• Aim of the task:
Without the images, repeat every line of the listing exactly.

• The data:
◆ ◆ ◆ ◆
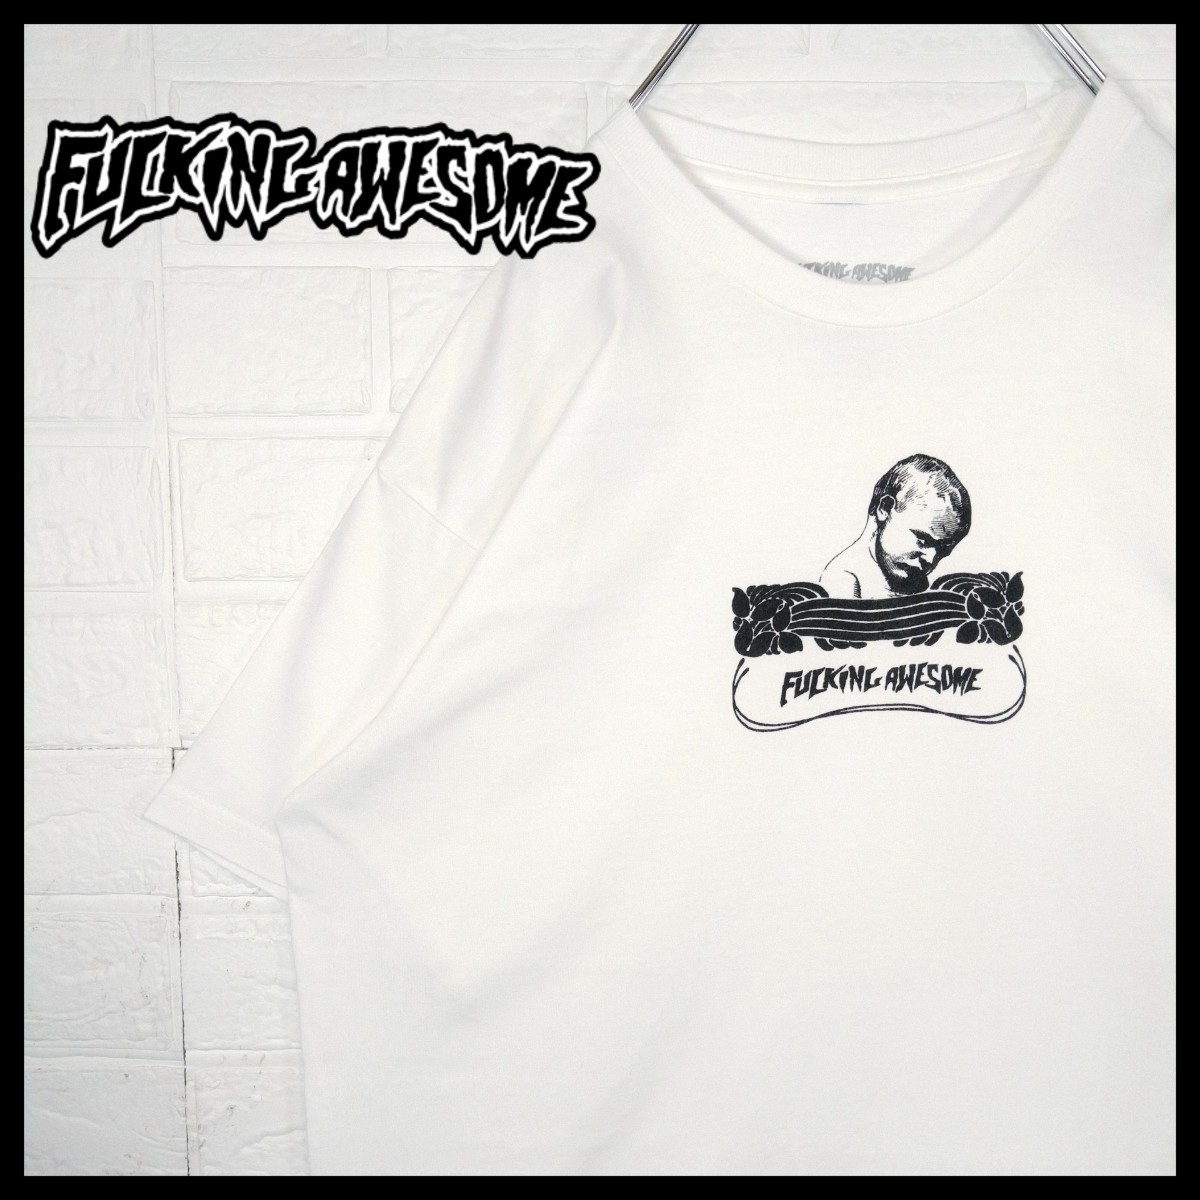 【FUCKING AWESOME】キッズロゴ　Tシャツ
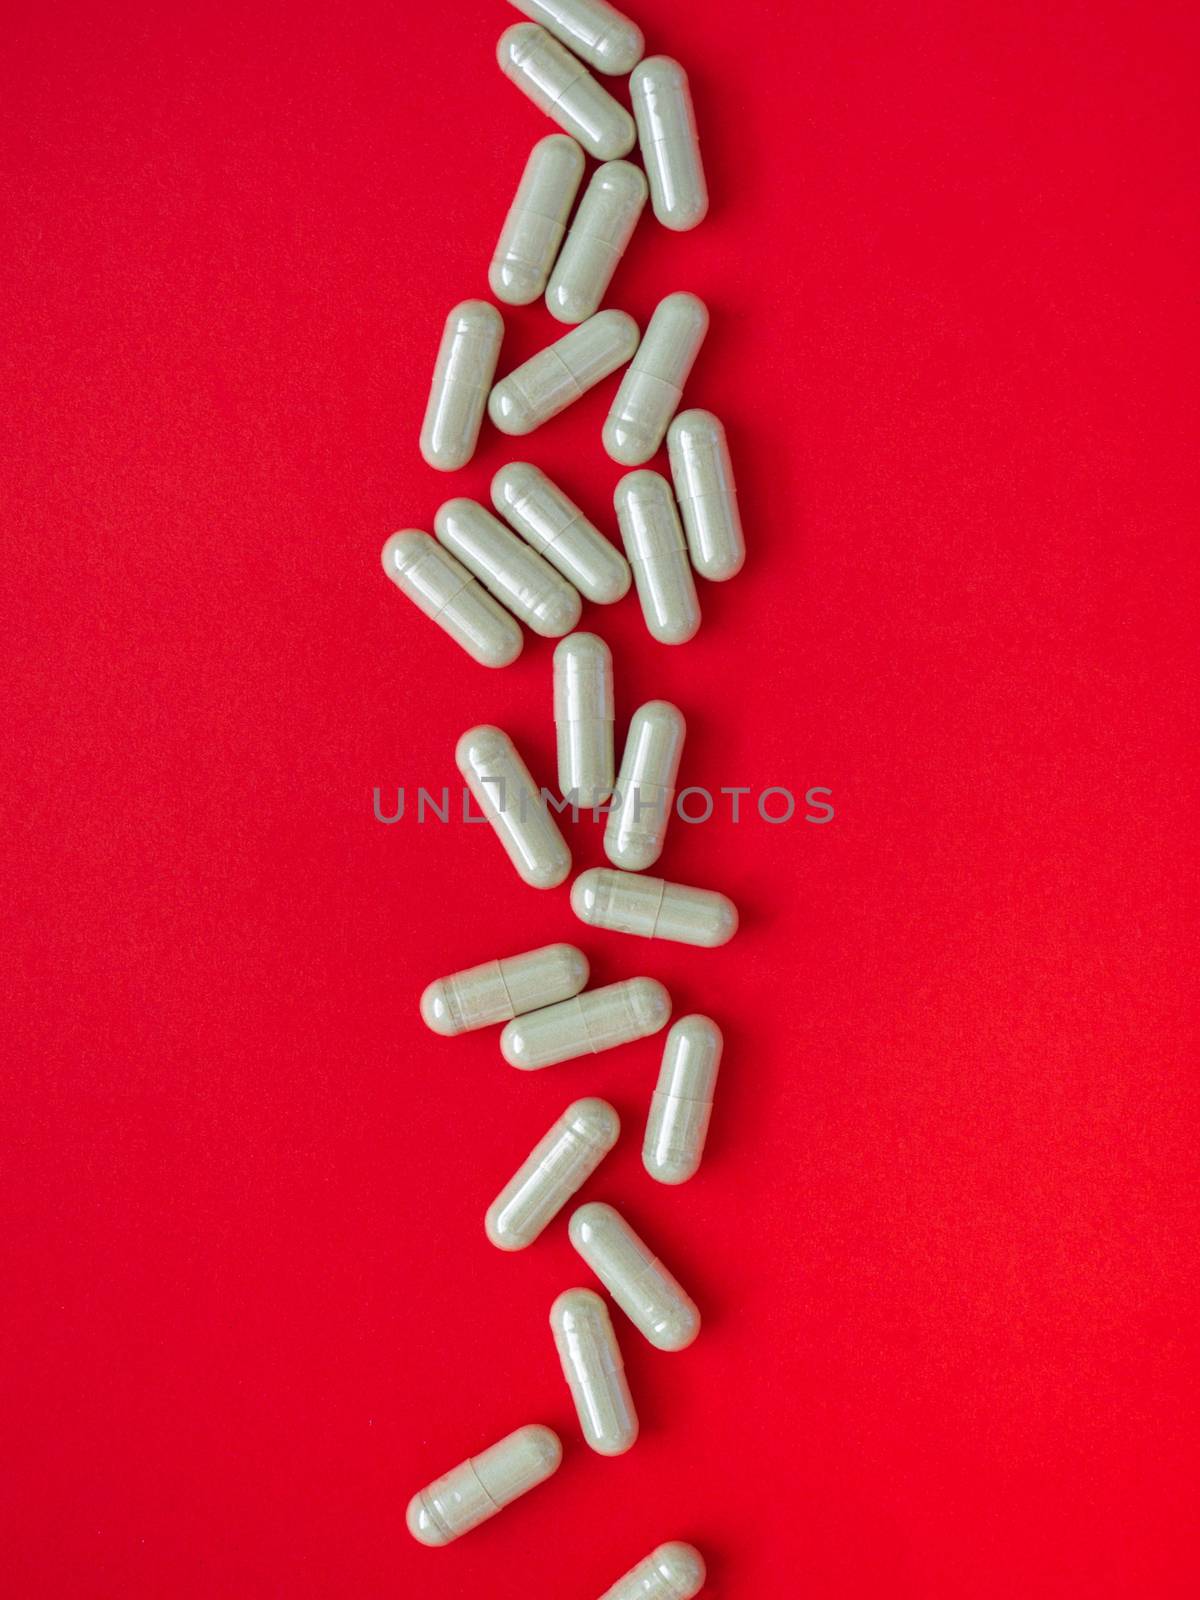 Gray pills for the treatment of body disorders are arranged on a red background
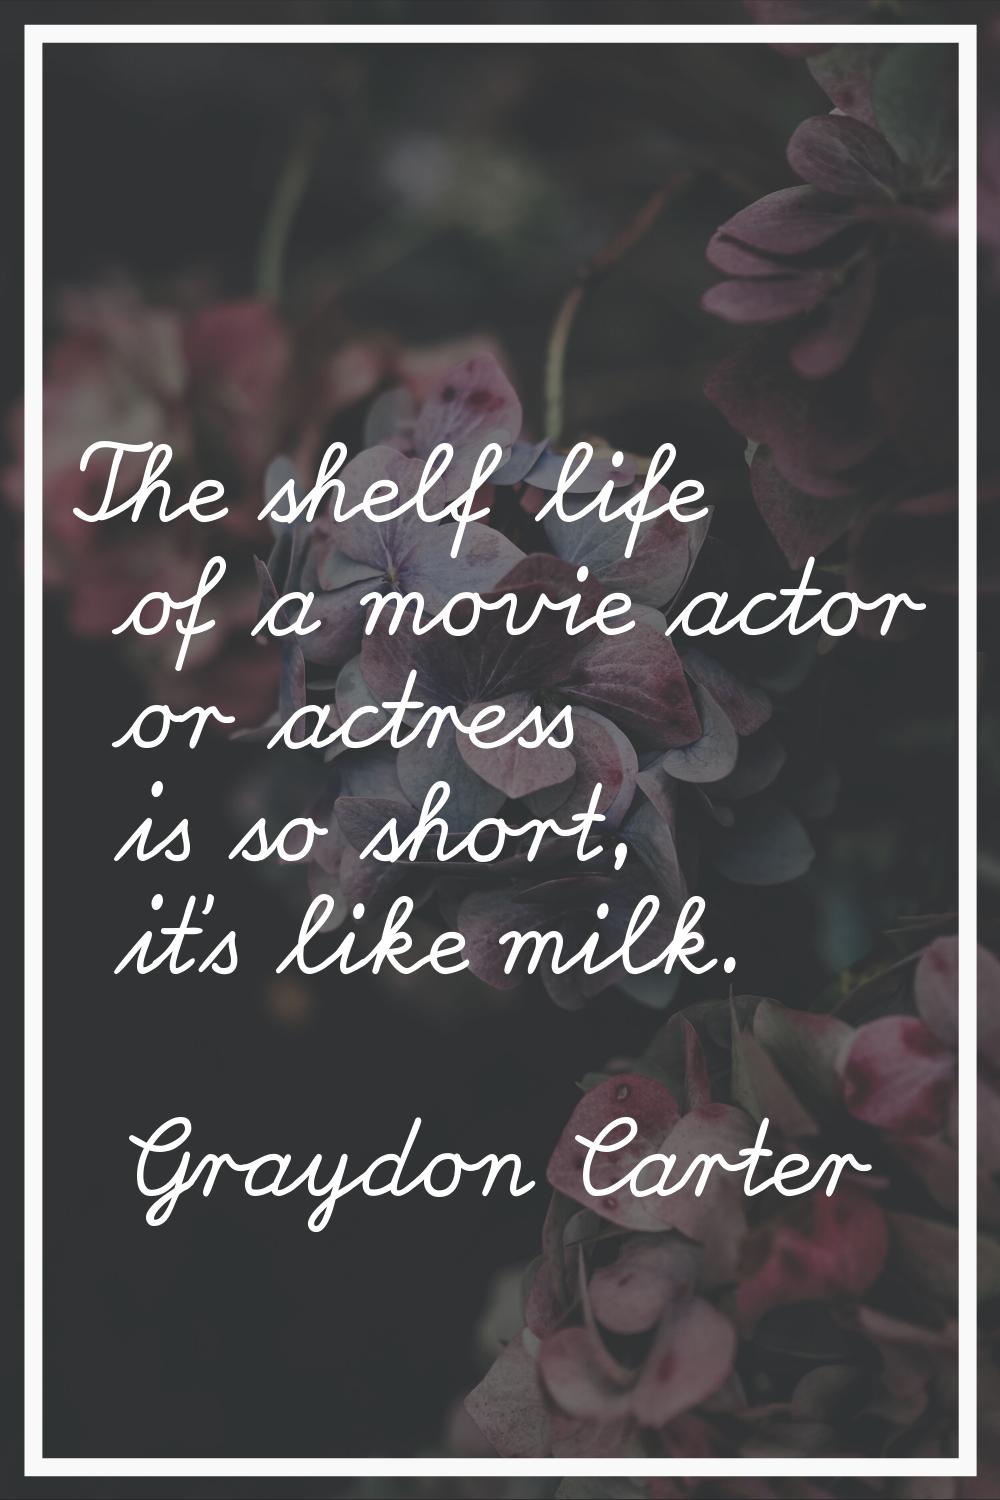 The shelf life of a movie actor or actress is so short, it's like milk.
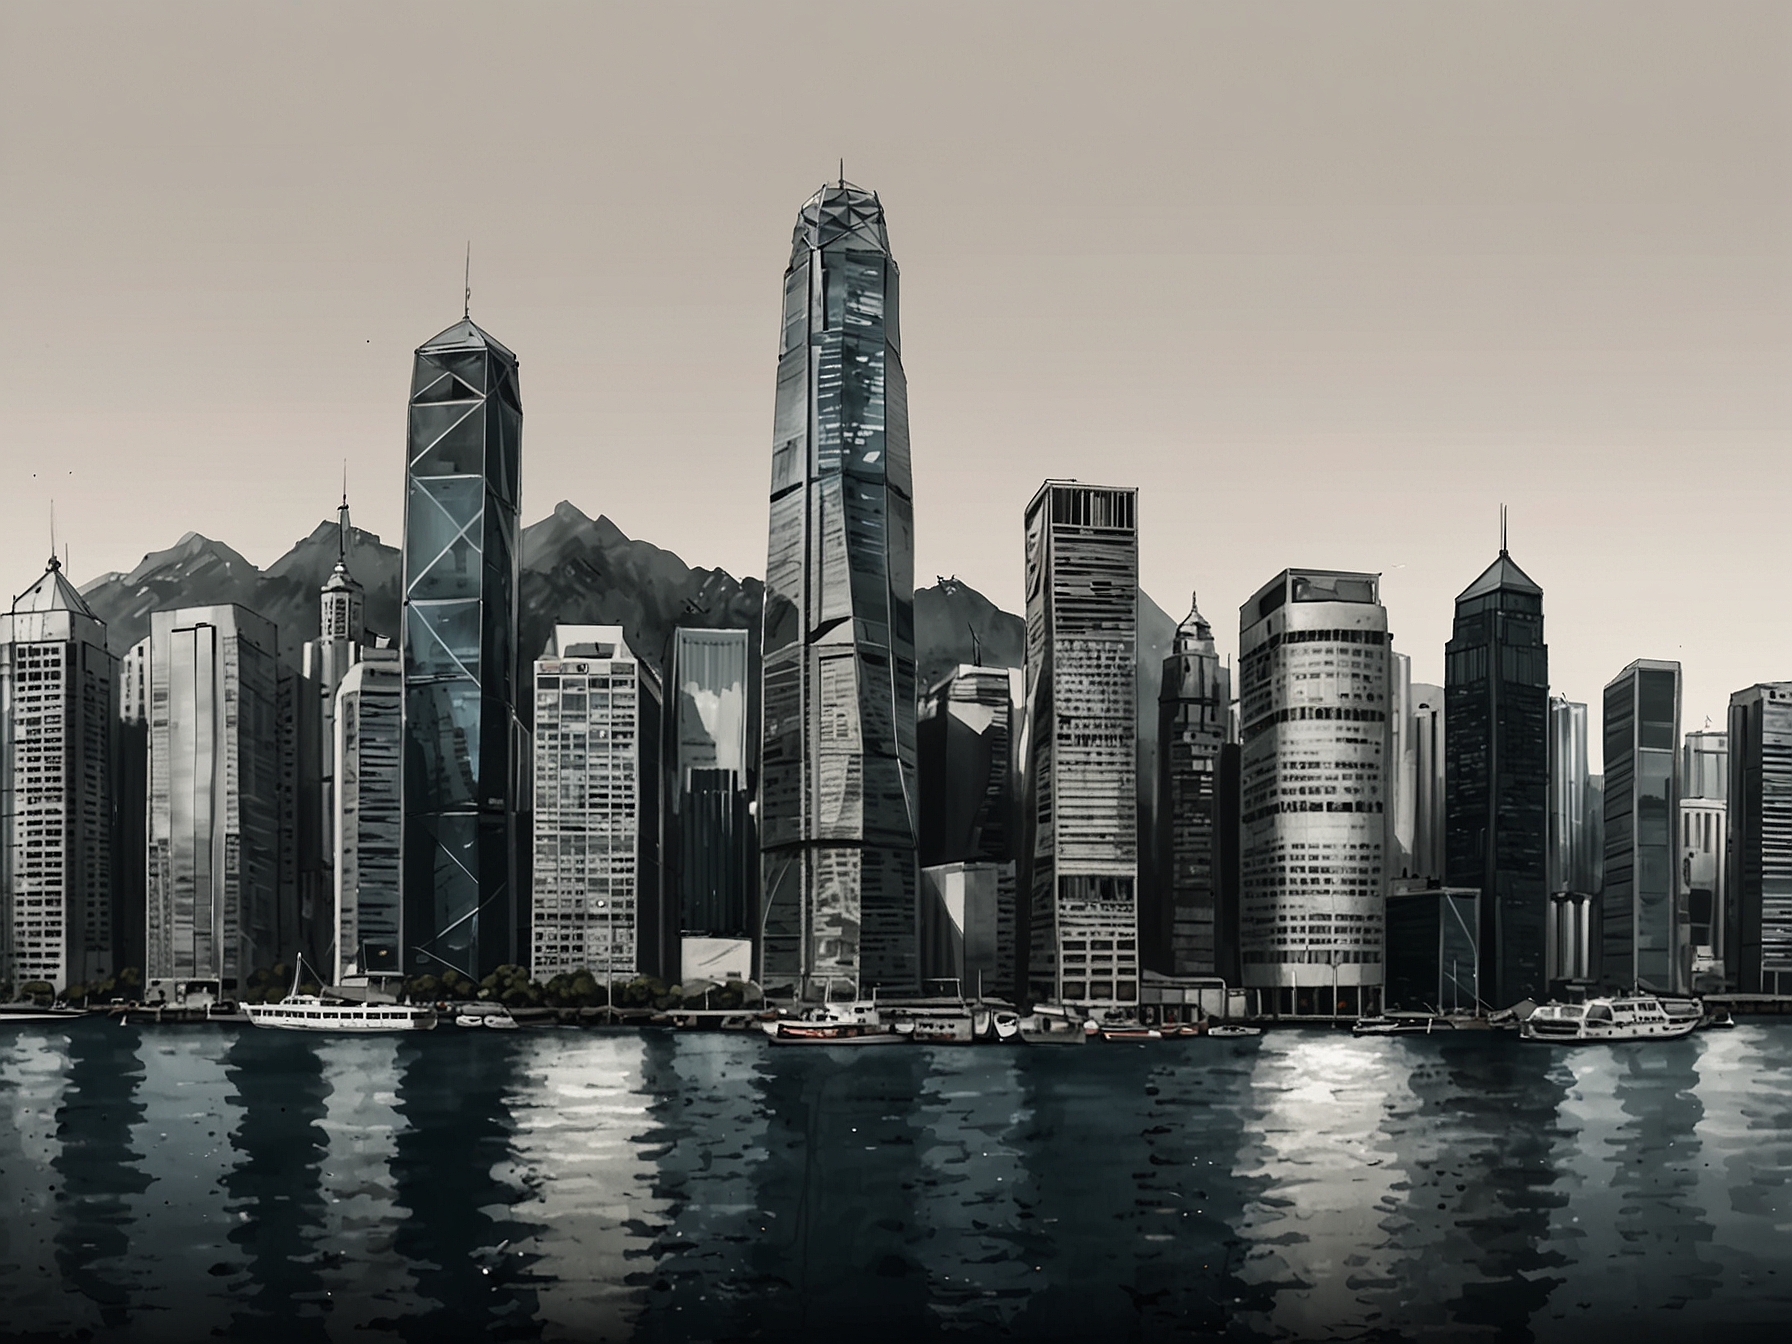 A view of the Hong Kong financial district, highlighting HKEX's headquarters. This image represents the exchange's central role in the global financial market and economic activities in the region.
◆ ◆ ◆ ◆
• Written response:
 【FUCKING AWESOME】キッズロゴ　Tシャツ
 Gray pills for the treatment of body disorders are arranged on a red background
 The shelf life of a movie actor or actress is so short, it's like milk.
 A view of the Hong Kong financial district, highlighting HKEX's headquarters. This image represents the exchange's central role in the global financial market and economic activities in the region.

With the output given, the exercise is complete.